American businessman and racehorse owner

Philip Joseph Dwyer (August 21, 1844 – June 9, 1917) was an American businessman from Brooklyn, New York and prominent owner of Thoroughbred racehorses and racetracks. Along with his younger brother, Michael F. Dwyer, he made a fortune in the meat packing industry, supplying butcher shops, eating establishments and hotels.

==Thoroughbred racing==
In 1874 the Dwyer brothers entered the sport of Thoroughbred racing, building their Dwyer Brothers Stable into one of the top racing operations in the United States. Between them, they won the Kentucky Derby twice, the Preakness Stakes once, and the Belmont Stakes five times in the six years from 1883 through 1888. They owned and raced some of the best horses in the history of American Thoroughbred flat racing including four that have been inducted in the National Museum of Racing and Hall of Fame. In 1890, the Dwyers decided to dissolve their formal racing partnership. Mike Dwyer went on to enjoy further racing success and gained control of the New Jersey Jockey Club that operated a racetrack in Elizabeth, New Jersey.

Philip Dwyer raced horses for the joy of the sport, while his brother Mike became notorious for betting enormous amounts of money on the outcome of races. The New York Times newspaper reported that he died "in poor circumstances" as a result of his heavy gambling.

==Racetrack ownership==
During the 1880s, the Dwyer brothers entered into a leasing arrangement for the Prospect Park Fair Grounds Trotting Track which they operated so successfully that they decided to build their own racing facility. In 1887 they established the Brooklyn Jockey Club which built and operated the Gravesend Race Track at Gravesend on Coney Island, New York. Philip Dwyer was the controlling shareholder of the Brooklyn Jockey Club, and served as its president.

Following the 1904 death of Thomas Reilly, founding president of the Queens County Jockey Club, Philip Dwyer acquired a fifty percent shareholding of the company that owned and operated Aqueduct Racetrack in Queens. As president of the Aqueduct track, a position he held until his death in 1917, Philip Dwyer purchased additional land, increased the track's circumference, and rebuilt the viewing stands.
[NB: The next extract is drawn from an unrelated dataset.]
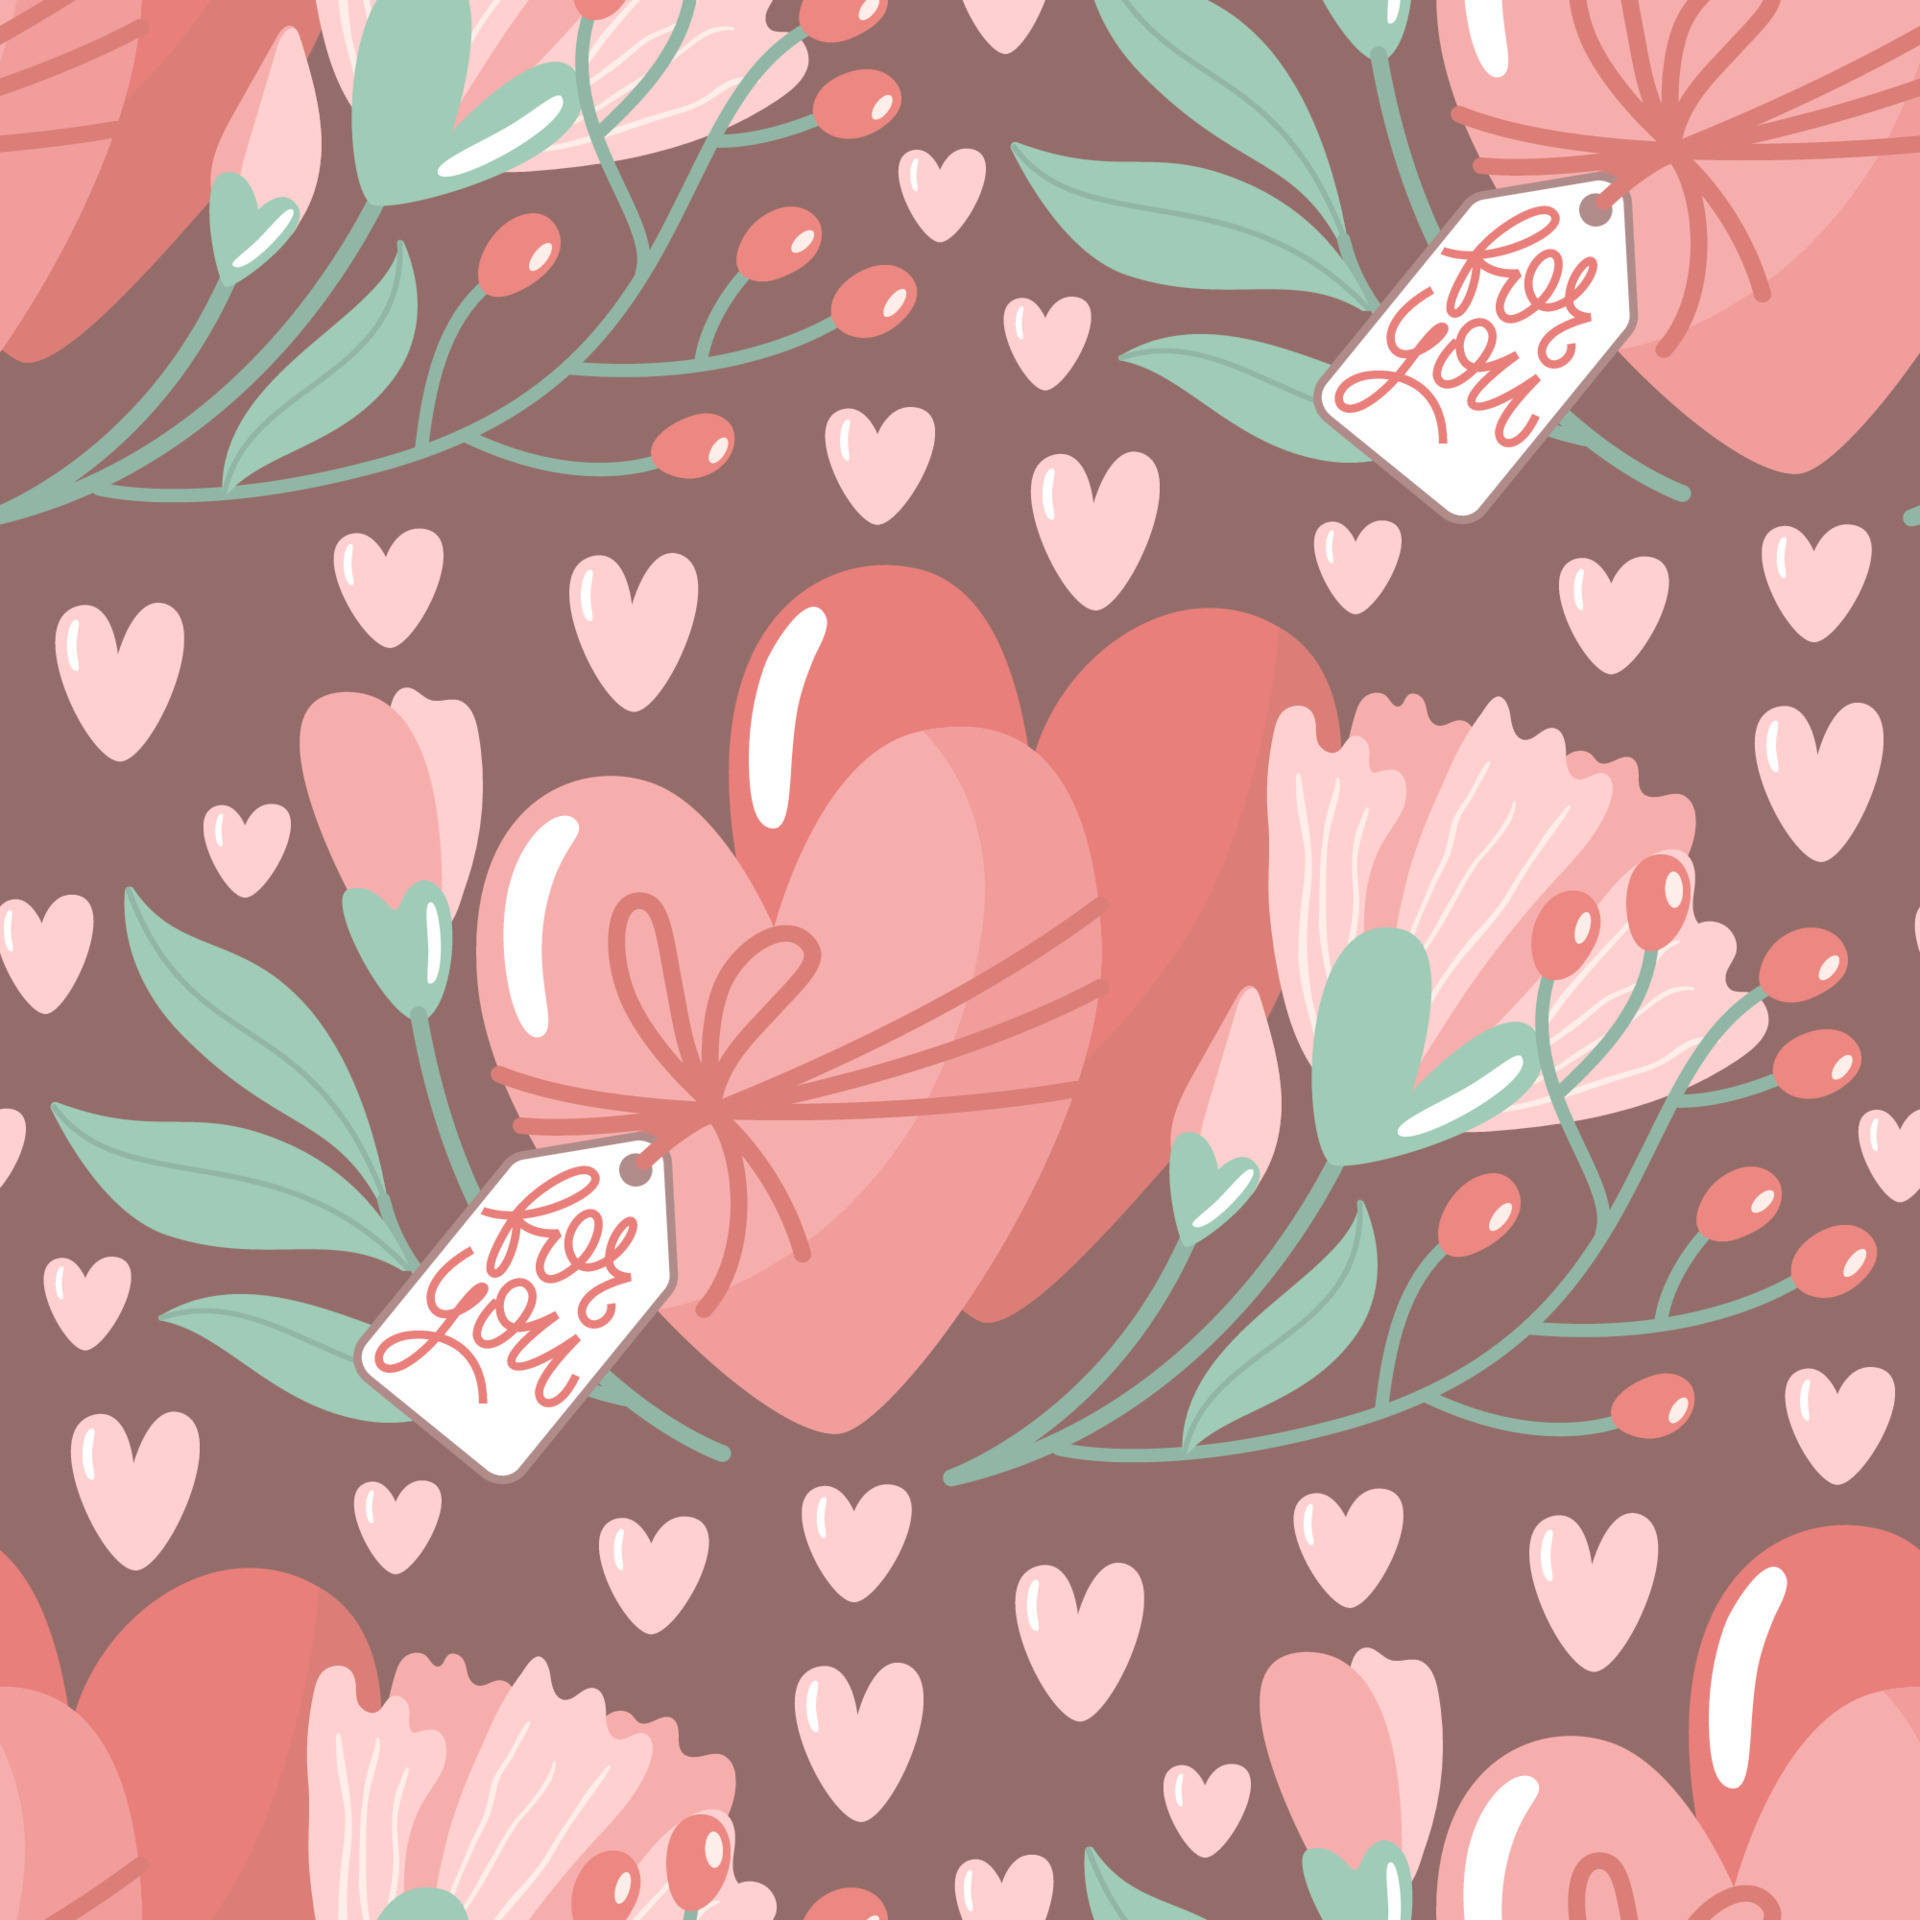 Machensie Ihren Valentinstag Mit Diesen Süßen Ideen Besonders Wallpaper

His efforts helped make the very profitable racetrack a major New York City racing center.

On August 21, 1913, Philip Dwyer and fellow New Yorker James Butler acquired control of the Laurel Park Racecourse in Maryland and hired Matt Winn to manage the operation.

==The Jockey Club==
Organized by Pierre Lorillard IV in 1891 and chaired by John Hunter, the Racing Trust, more commonly referred to as the Board of Control, was the governing authority that oversaw the sport of horse racing in New York State. It was dominated by the Dwyer brothers and John A. Morris, a businessman known as the "lottery king" who owned the Morris Park Racecourse. In the early 1890s they came under severe criticism from a group of horse trainers who claimed the Dwyers routinely acted in their own self interests to the detriment of the competitors and the public. The trainers called for change and were soon joined by a group of prominent owners such as James R. Keene and August Belmont Jr. The matter culminated with the 1894 formation of The Jockey Club. However, the members of the old Board of Control were granted automatic membership in the new Jockey Club, including Philip Dwyer. The May 4, 1894 issue of The New York Times was very critical of the "new " Jockey Club in an article titled The Jockey Club Heard From; All The Earmarks of the Old Board of Control. Nonetheless, the Jockey Club eventually earned respect and continues to play an important role in the industry to this day.

At the age of seventy-two in 1917, Philip J. Dwyer died of pneumonia at the Hotel Wolcott in Midtown Manhattan. The following year, the Brooklyn Derby was renamed the Dwyer Stakes.